OMG she is soooo cute!! I love how fluffy she is too!


----------



## Heather72754 (Nov 1, 2013)

Lol, I laughed at her antics. :smile: And I really think her coat looks soooo much better than when you first got her Marcia.


----------



## 10cats2dogs (Jun 16, 2013)

Coco is a Little FireBall of Energy!!! To Cute!


----------



## cat owner again (Dec 14, 2012)

Now that is a smart cat that knows how to have a good time! I would love it if my cats could be entertained like that.


----------



## Marcia (Dec 26, 2010)

I've never had a cat that was so active or self entertaining. I spend probably an hour total a day with Da bird and she still wants more, more, more, and this girl is 6!!! The trick is to redirect her energy so she does not chase poor Lacey with the bad heart. She will use her scratcher toy for 10 solid minutes at a time sometimes, I just happened to catch her using it when I had a camera handy.

Her coat is SO much better, smoother, sleeker and much softer.

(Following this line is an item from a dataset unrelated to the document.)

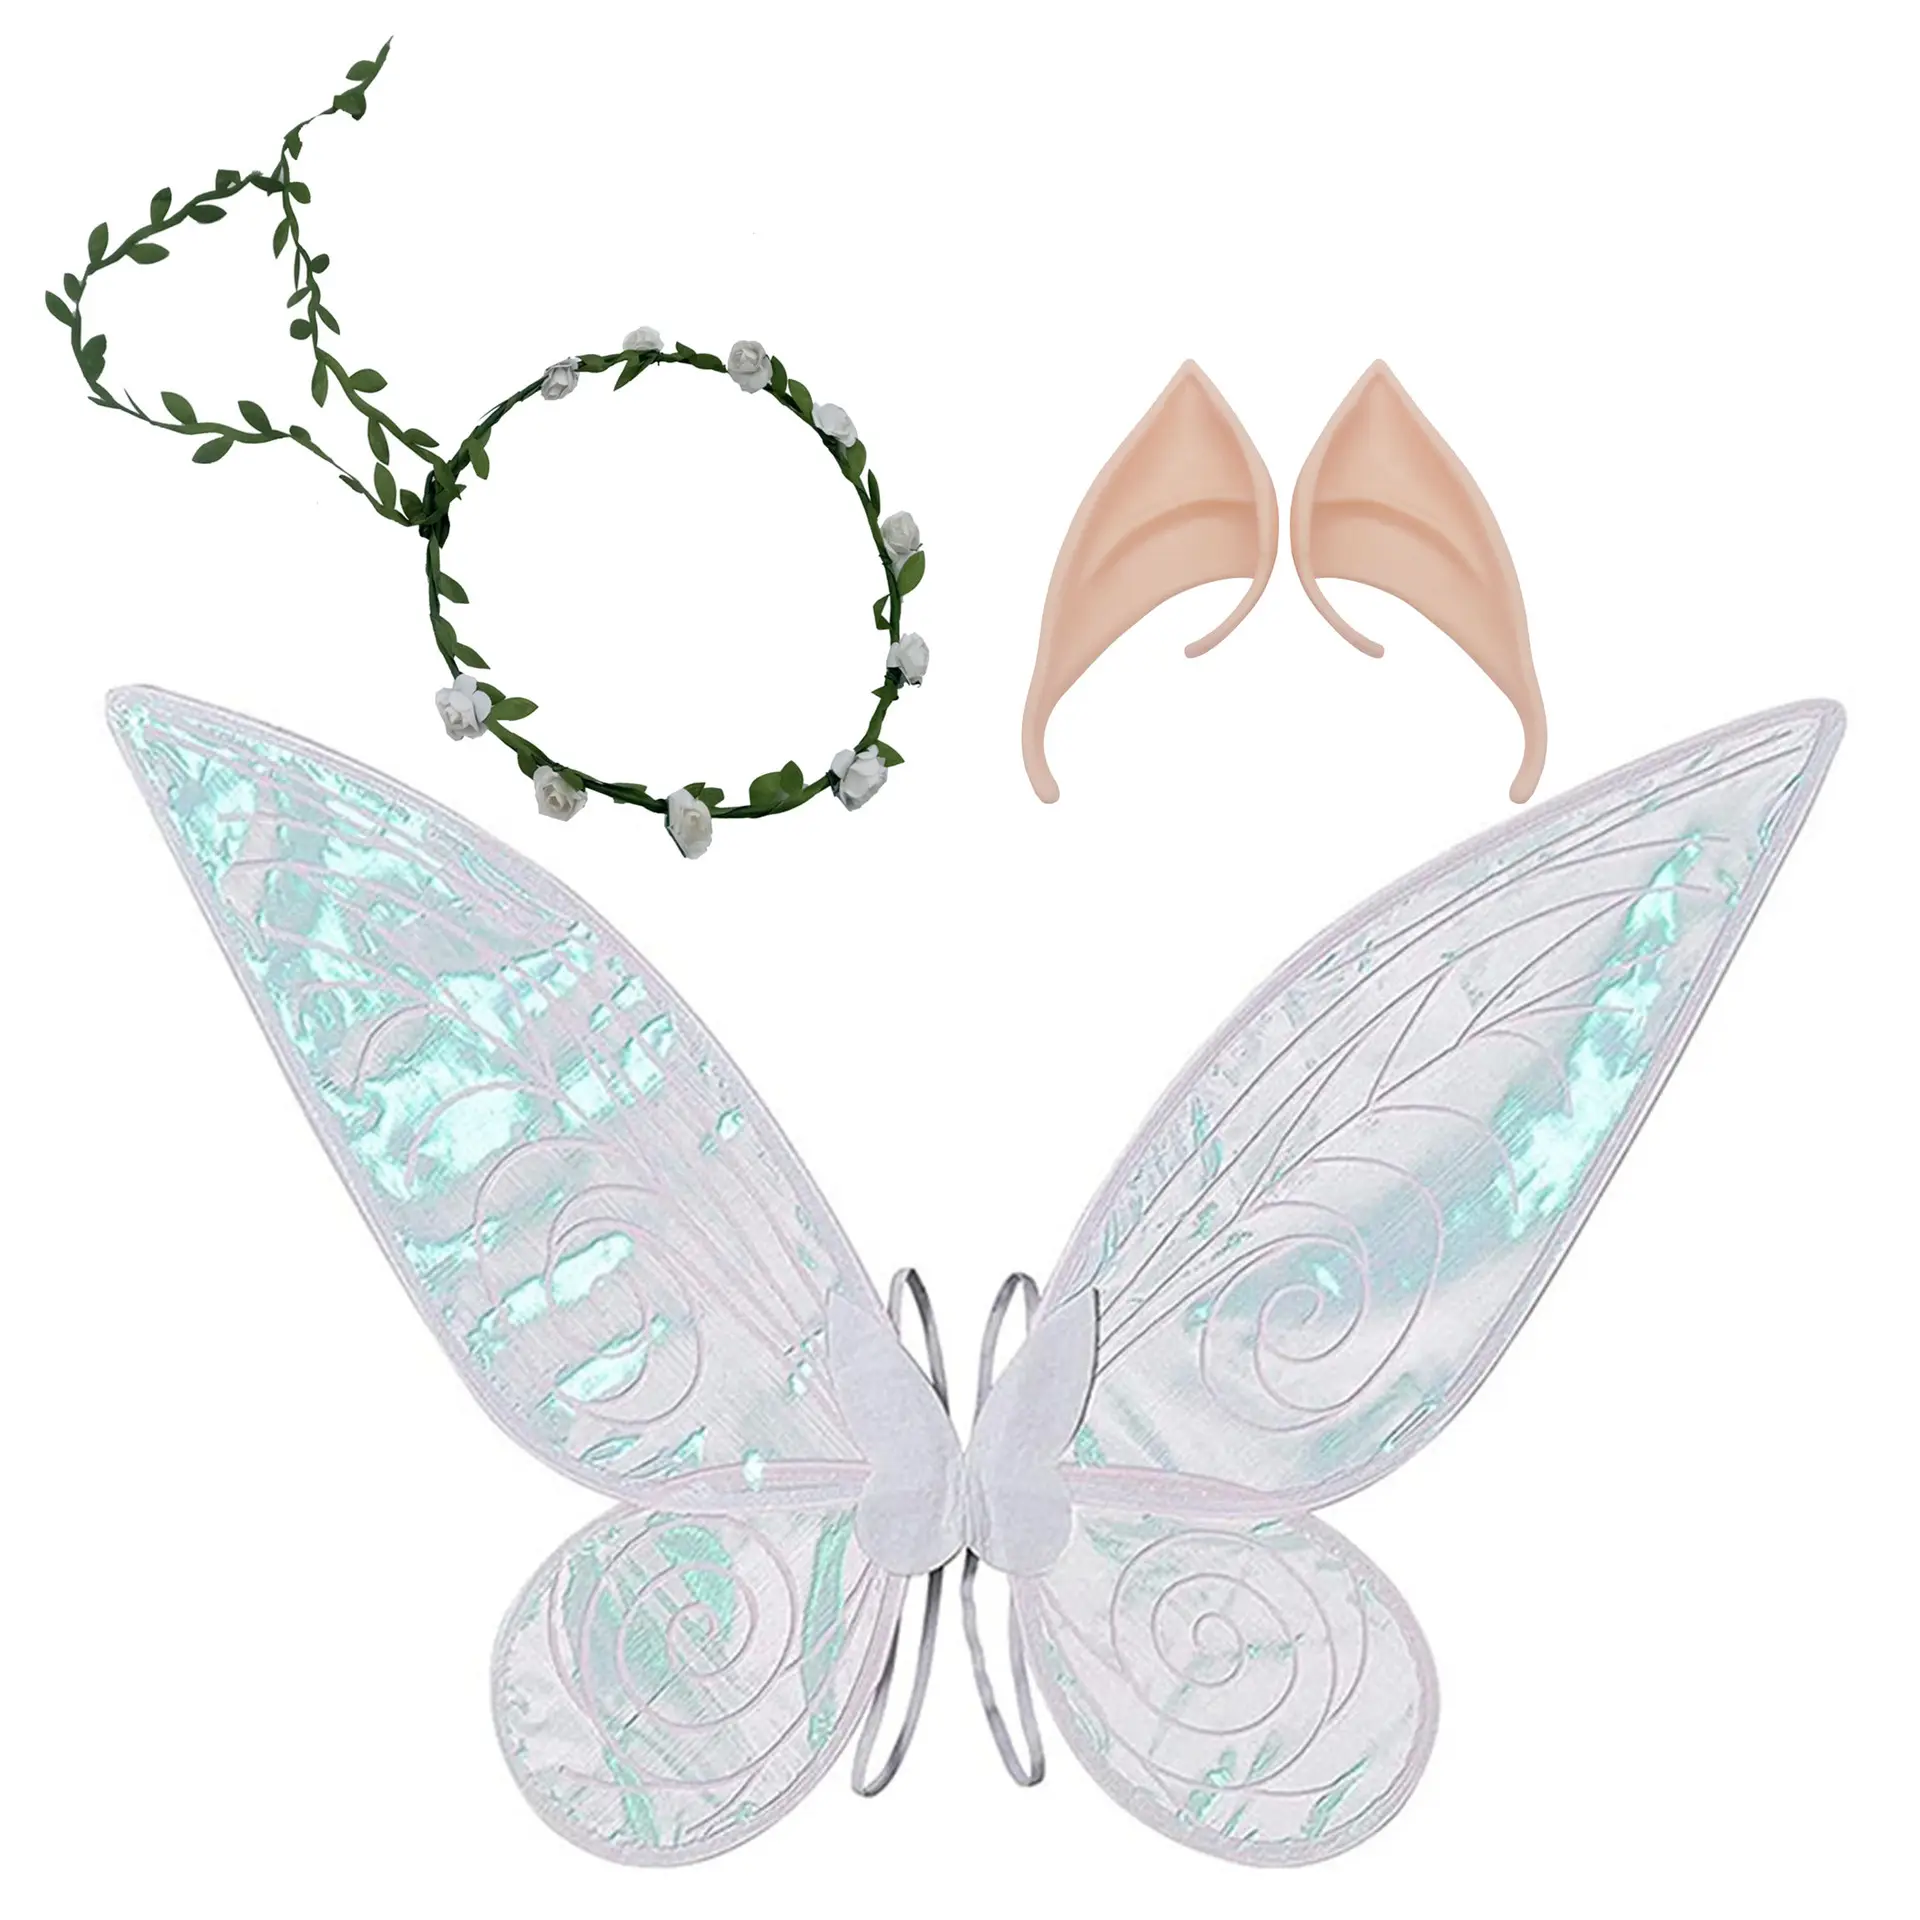 New Angel bướm Wing Set Halloween ELF tai công chúa cổ tích bên mặc quần áo lễ hội hiệu suất đạo cụ

Amazing what a few weeks of good food can do. She doesn't particularly like to be brushed but really doesn't need to either.


----------



## bluemilk (Oct 3, 2005)

I just saw this! Bonzer! Adult cats are SO funny when they play like kittens!


----------



## Jetlaya67 (Sep 26, 2012)

AWW, she is such a happy, playful girl! That is a great toy. My cats love it too. I thought it was pretty cute that she matches your rug.


----------



## BrittyBear (Feb 4, 2014)

Thats so cute!! Whats the name of this toy??? I would love to get one for my cats

Sent from Petguide.com Free App


----------



## TabbCatt (Mar 26, 2014)

That is the Bergan cat scratcher. My kitty Maya, absolutely LOOOOVES it too! She used to play for hours at a time when I first got it. I had to turn it upside down at night so I could sleep, lol. They also sell refillable cardboard scratchers (in the center) at Walmart (?) or Azn. I never had to replace mine yet as she perfers other surfaces. 

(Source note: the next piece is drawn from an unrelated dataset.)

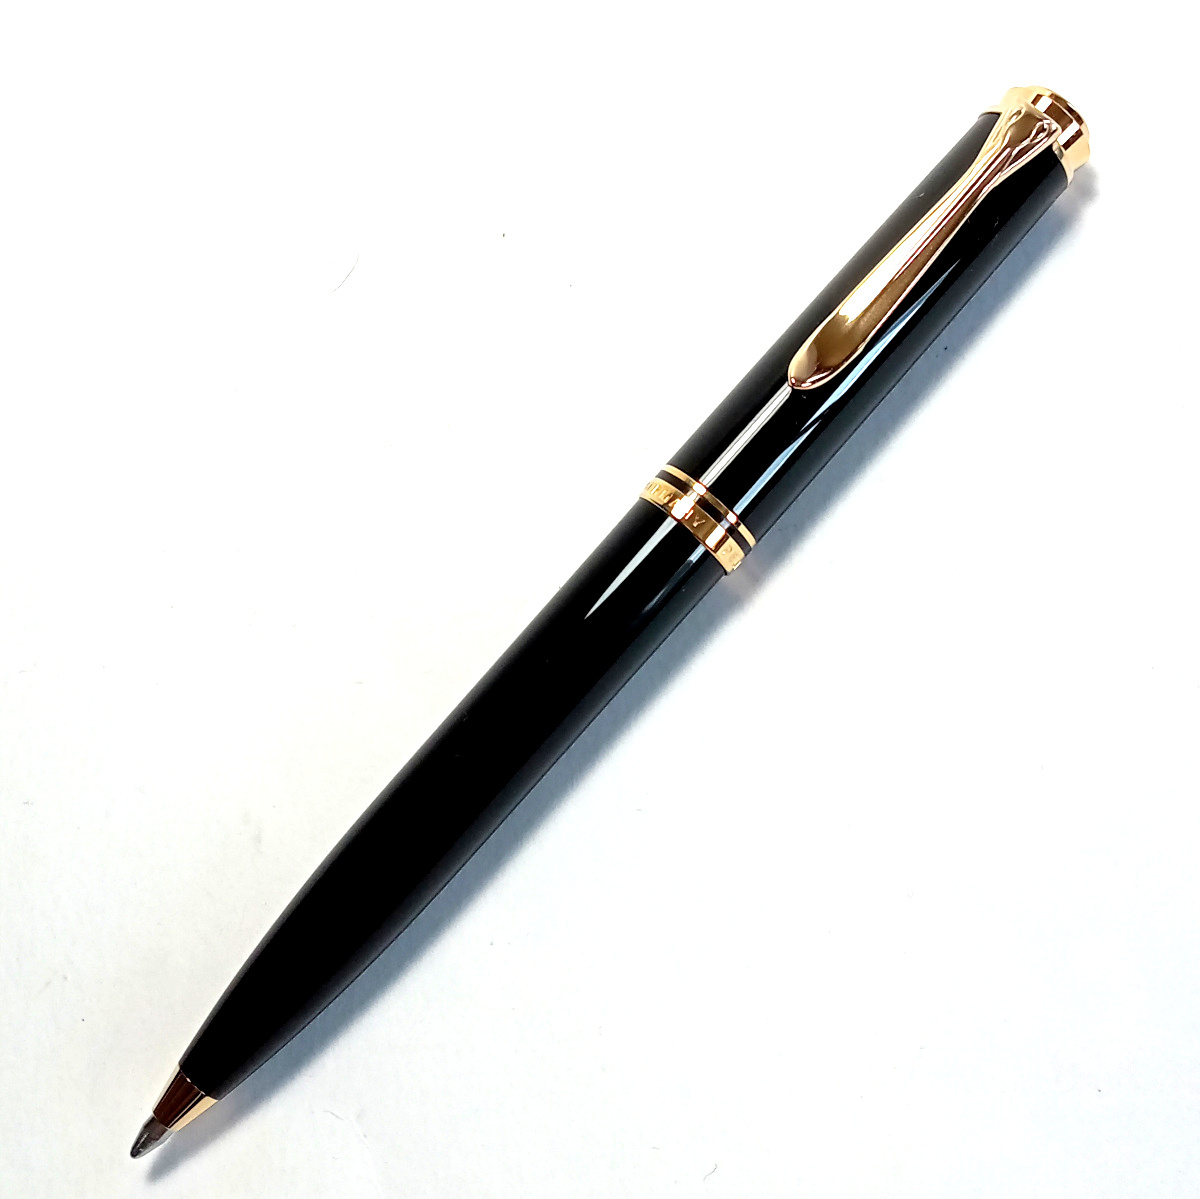 [plkb3]Pelikan пеликан шариковая ручка Hsu be полоса K600 черный × Gold чёрный кручение тип Souveran обычная цена 41,800 иен

Recently, I found out she also loves to play in a plain old 99-cent reusable shopping bag. I tossed it on top of the scratcher toy, and she'd go inside the bag while batting at the ball by sound. Later, I couldn't find her anywhere in my house...then I discovered she had fallen fast asleep still inside the bag! I could see the bag "breathing" with every inspiration/expiration she took, LOL.


----------



## spirite (Jul 31, 2012)

OMG Marcia that video had me laughing out loud when she runs in circles around the toy. Coco might have the cutest cat butt I've ever seen.  I love how she disappears out of the frame at the beginning but you can see just the tip of her fluffy tail swishing.


----------



## snowy (Aug 23, 2012)

Awww! that was cute. ET isn't as interested in the ball like Coco, he's only interested in the scratcher, the shredded pieces are all over the room everyday.


----------



## Marcia (Dec 26, 2010)

I replaced the ball with the flashing ball and she still enjoys it although she's cooled down a bit towards it. The Da Bird is still #1!! I buy the 3 pack feather refills for home and the shelter every few weeks! 

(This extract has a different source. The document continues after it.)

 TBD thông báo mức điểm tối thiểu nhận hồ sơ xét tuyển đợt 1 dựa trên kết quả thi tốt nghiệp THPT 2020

She is the cutest thing - so very active and but so snuggly at night. I wonder if her energy level is why the PO's put her outside and disowned her. Maybe they thought she was just too much energy for her age. She reminds me of a spry senior citizen! One that still runs marathons at 80. And Sharon, I agree, her coat is super soft and very nice now that she has had a few months of good nutrition in her. Plus it's grown out a good bit leaving me to think she had been shaved a few months before I adopted her which made her look so scruffy. With no history I can only guess at things.


----------